Share prices of gaming companies have performed well even after the announcement of parliament dissolution, which is inline with our view that election risk is no longer the major threat. We further advise investors to look beyond and focus the potential earnings growth for the sector, especially the plans for Resorts World Las Vegas (RWLV).
Imputing the potential earnings by RWLV would indicate an accretion of RM0.62/share towards GenT’s current fair value.
Calculations are based on assumptions derived from various findings on three major listed casino operators in the Strip (MGM, LVS & Wynn).

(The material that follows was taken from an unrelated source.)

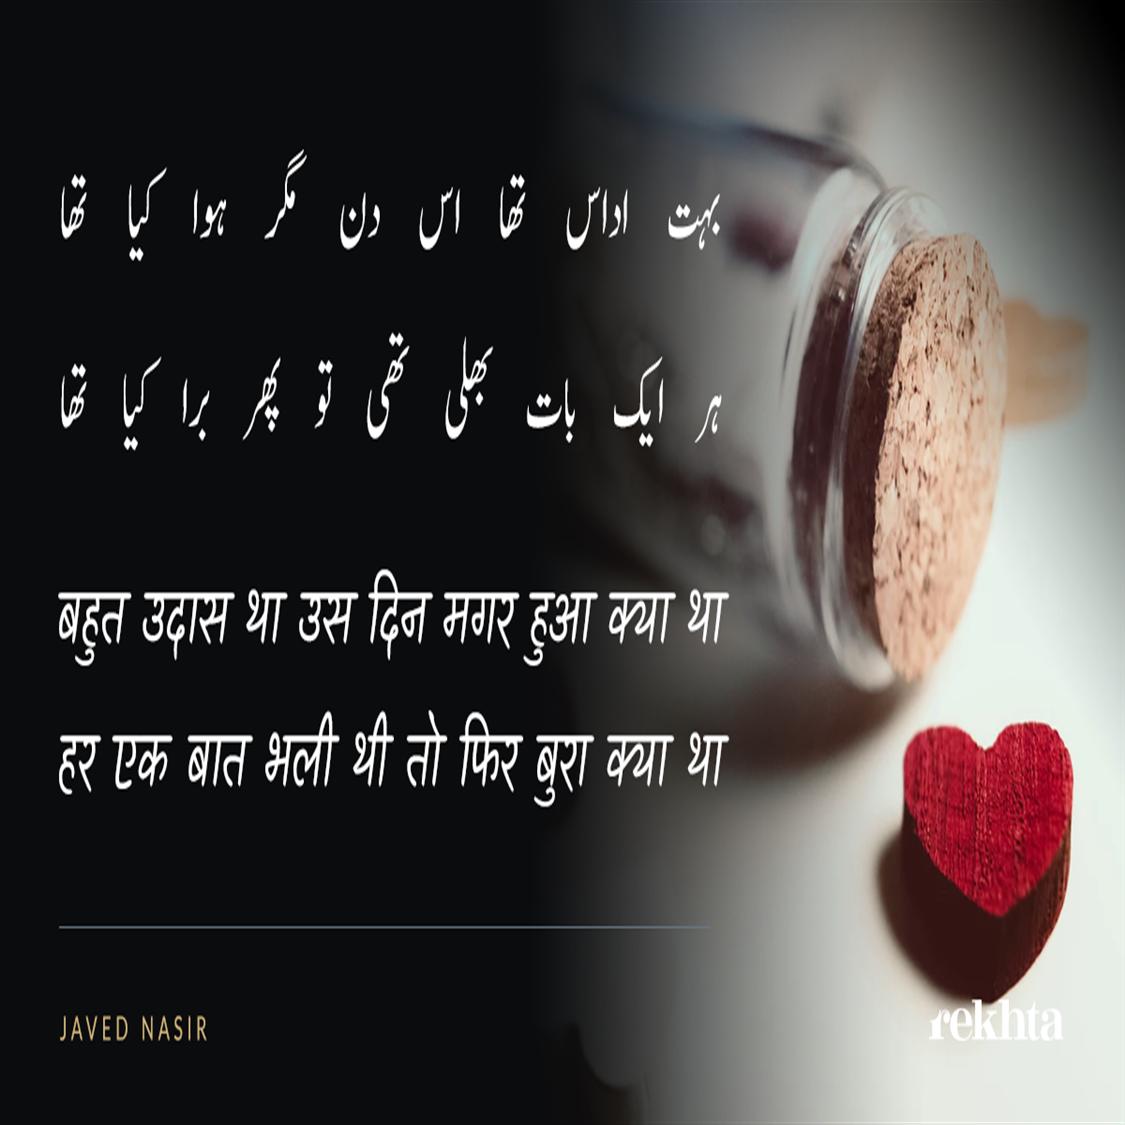 bahut udaas thaa us din magar hu.aa kyaa thaa-Javed Nasir

As for remaining international ventures by GenM and GenS, nothing has changed since our last reports on 9 Apr and 13 Mar respectively. On the on-going casino development over in NEC @ Birmingham, we believe the potential enhancement to GenM’s overall earnings would be insignificant given its small scale, similar to Resorts World Bimini Bay (RWBB).
However, new ventures (especially NY and Florida) are potentials that would further augment current earnings growth trajectory and act as price catalysts.
Looking into the risk of any gaming tax hike, our sensitivity test and analysis showed that with every 1ppt hike, GenM and GenT will face downwards earnings revision of 2.2% and 0.9% respectively.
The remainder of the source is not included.